Records shown below:

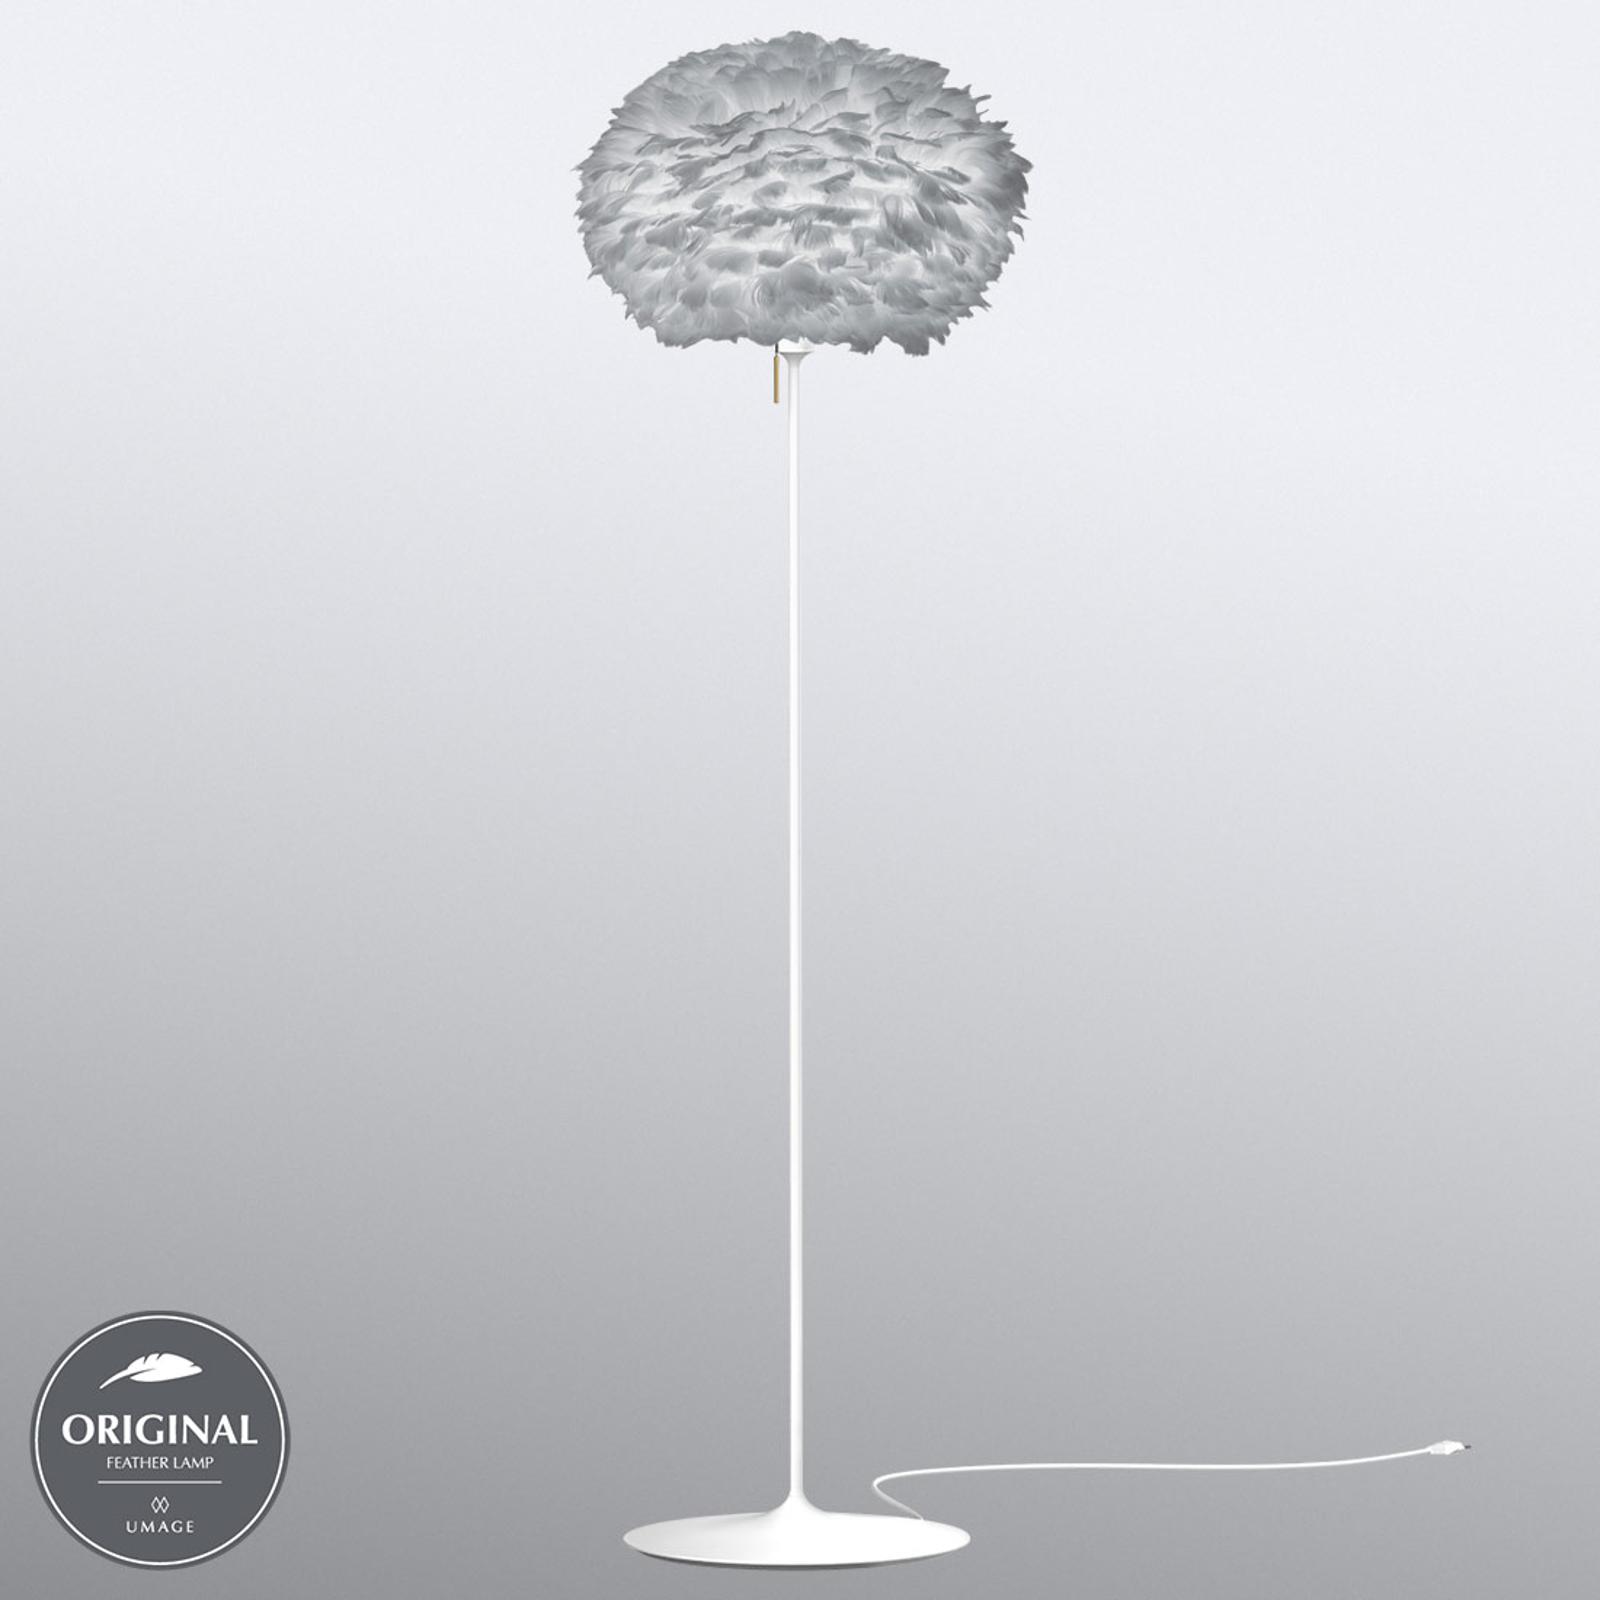 UMAGE Eos medium lampadaire gris clair
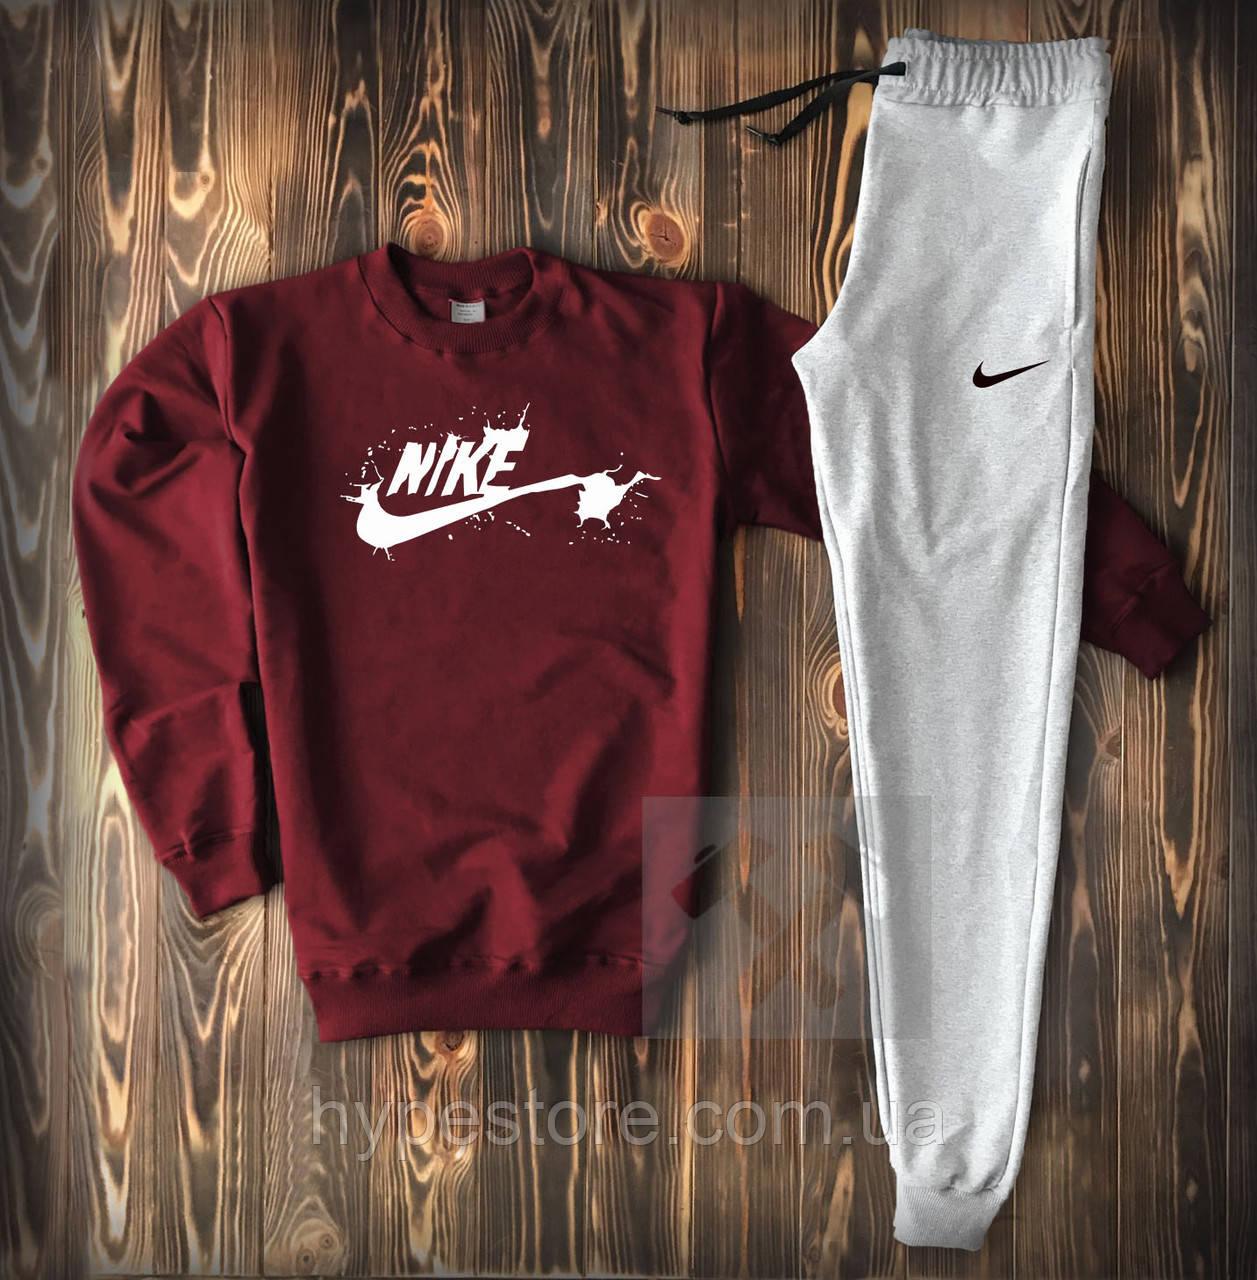 Мужской весенний спортивный костюм, чоловічий костюм Nike, найк (бордо+серый), Реплика
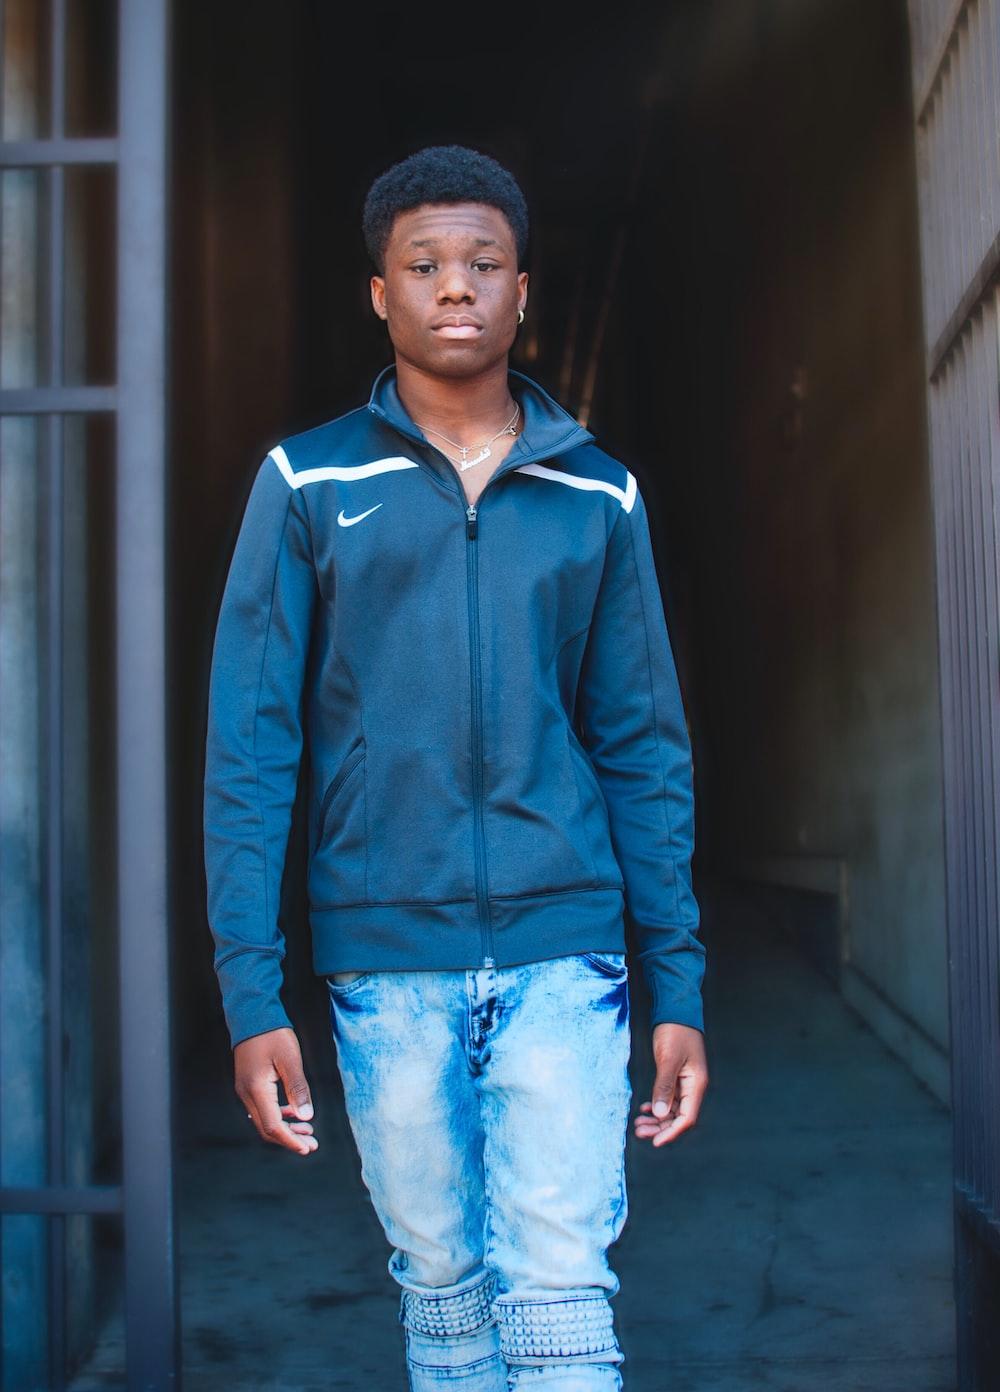 man about to walk wearing black Nike jacket
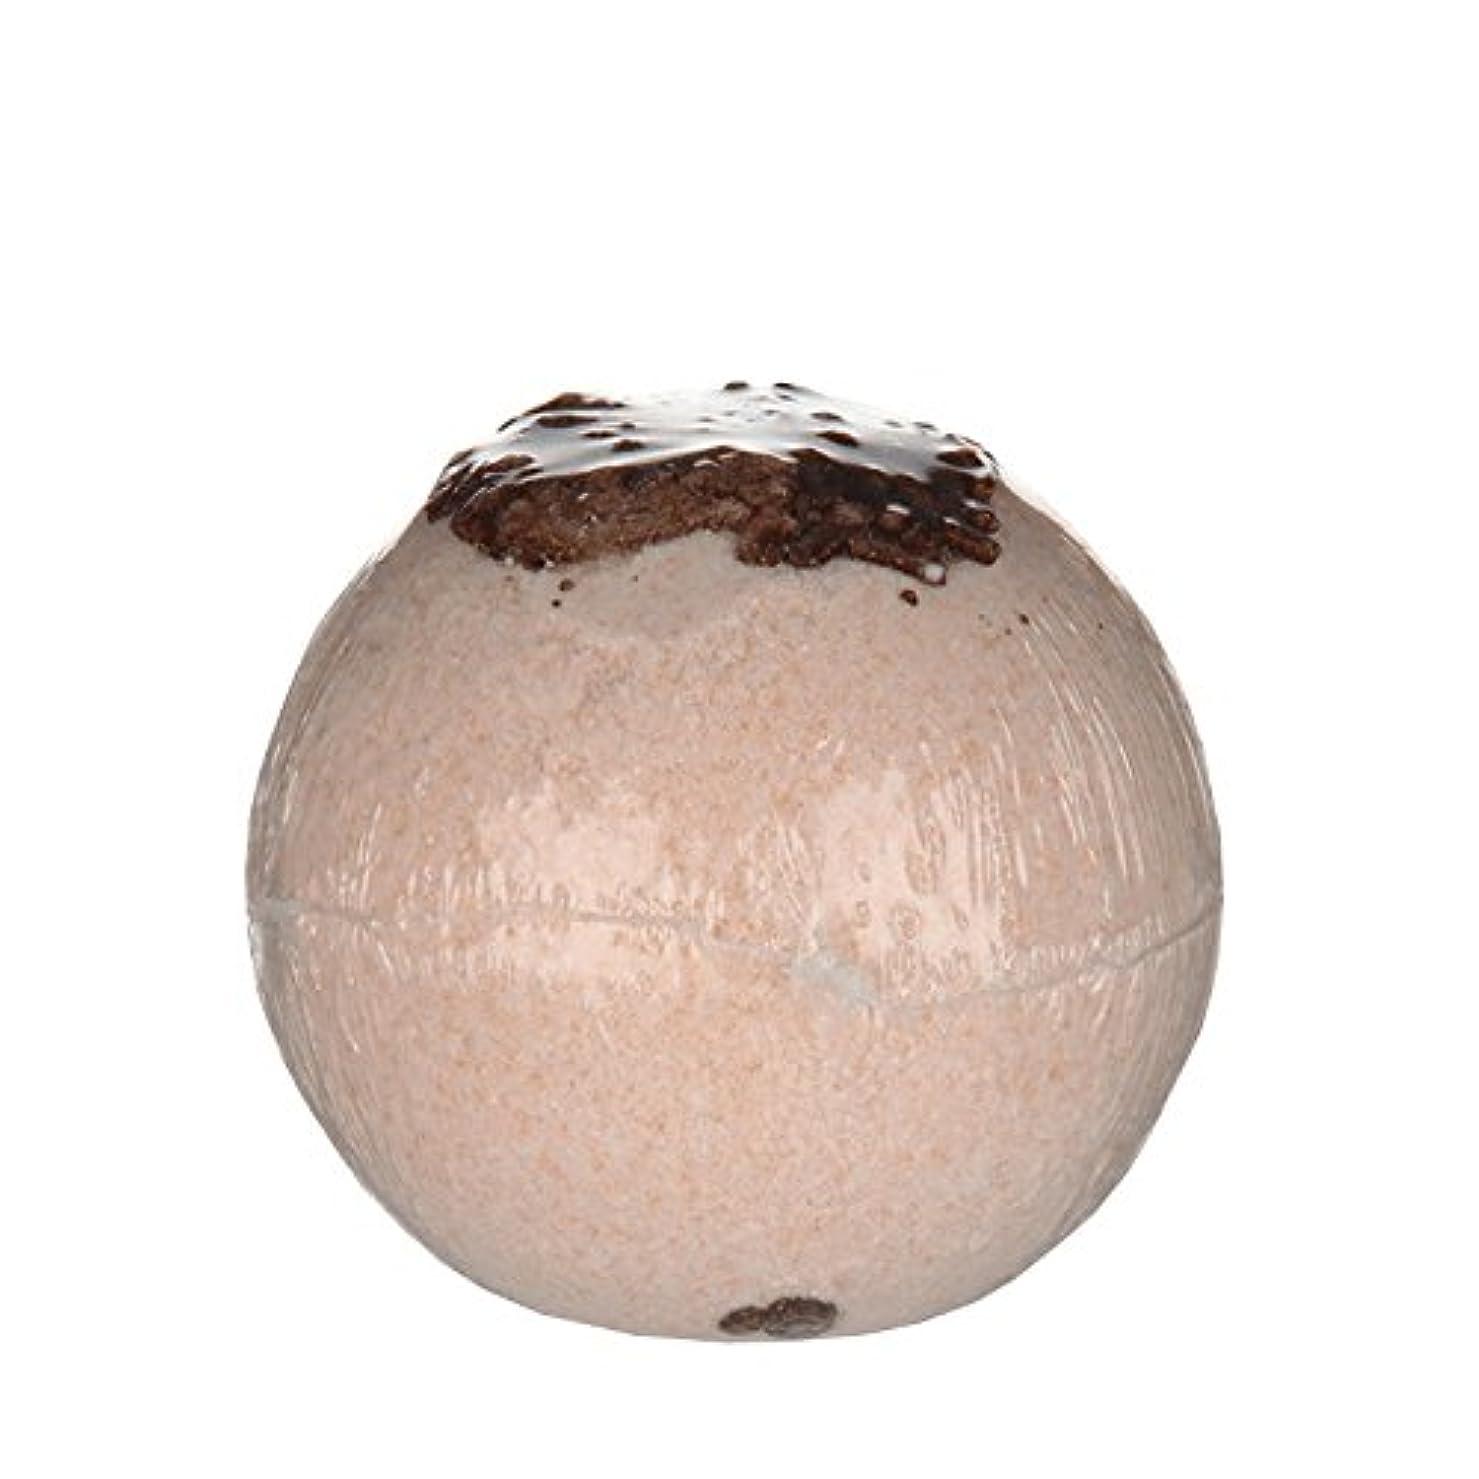 問い合わせいつ魔術師Treetsバスボールココナッツチョコレート170グラム - Treets Bath Ball Coconut Chocolate 170g (Treets) [並行輸入品]
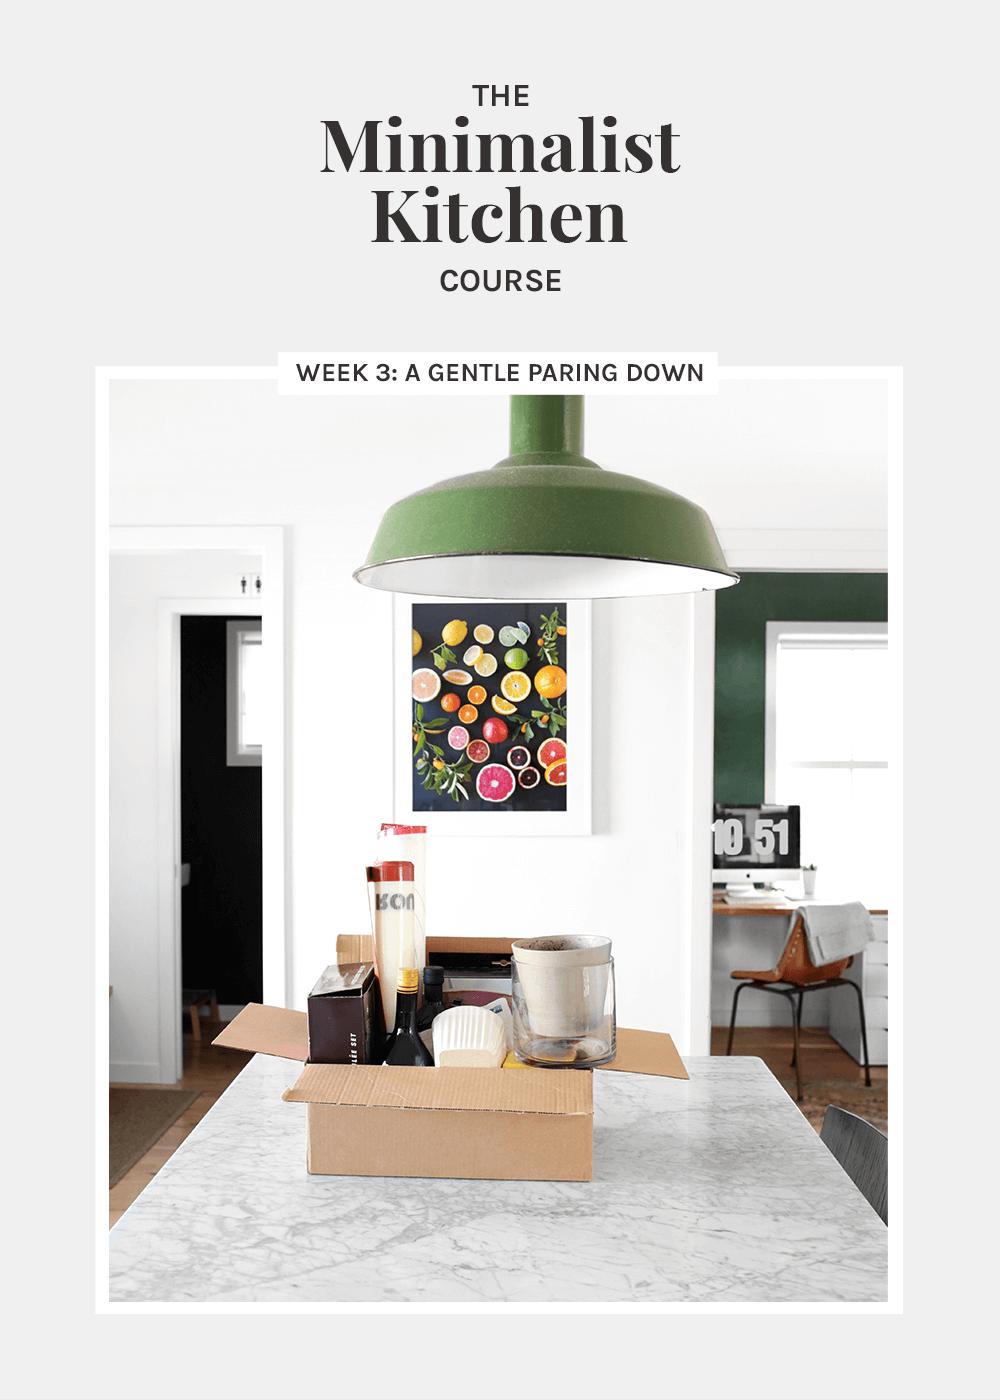 The Minimalist Kitchen Week 3: A gentle paring down

End of Records shown.

Work instructions: Set down all of the data word for word; no pictures belong in it.

Response area:
 UMAGE Eos medium lampadaire gris clair
 Мужской весенний спортивный костюм, чоловічий костюм Nike, найк (бордо+серый), Реплика
 man about to walk wearing black Nike jacket
 問い合わせいつ魔術師Treetsバスボールココナッツチョコレート170グラム - Treets Bath Ball Coconut Chocolate 170g (Treets) [並行輸入品]
 The Minimalist Kitchen Week 3: A gentle paring down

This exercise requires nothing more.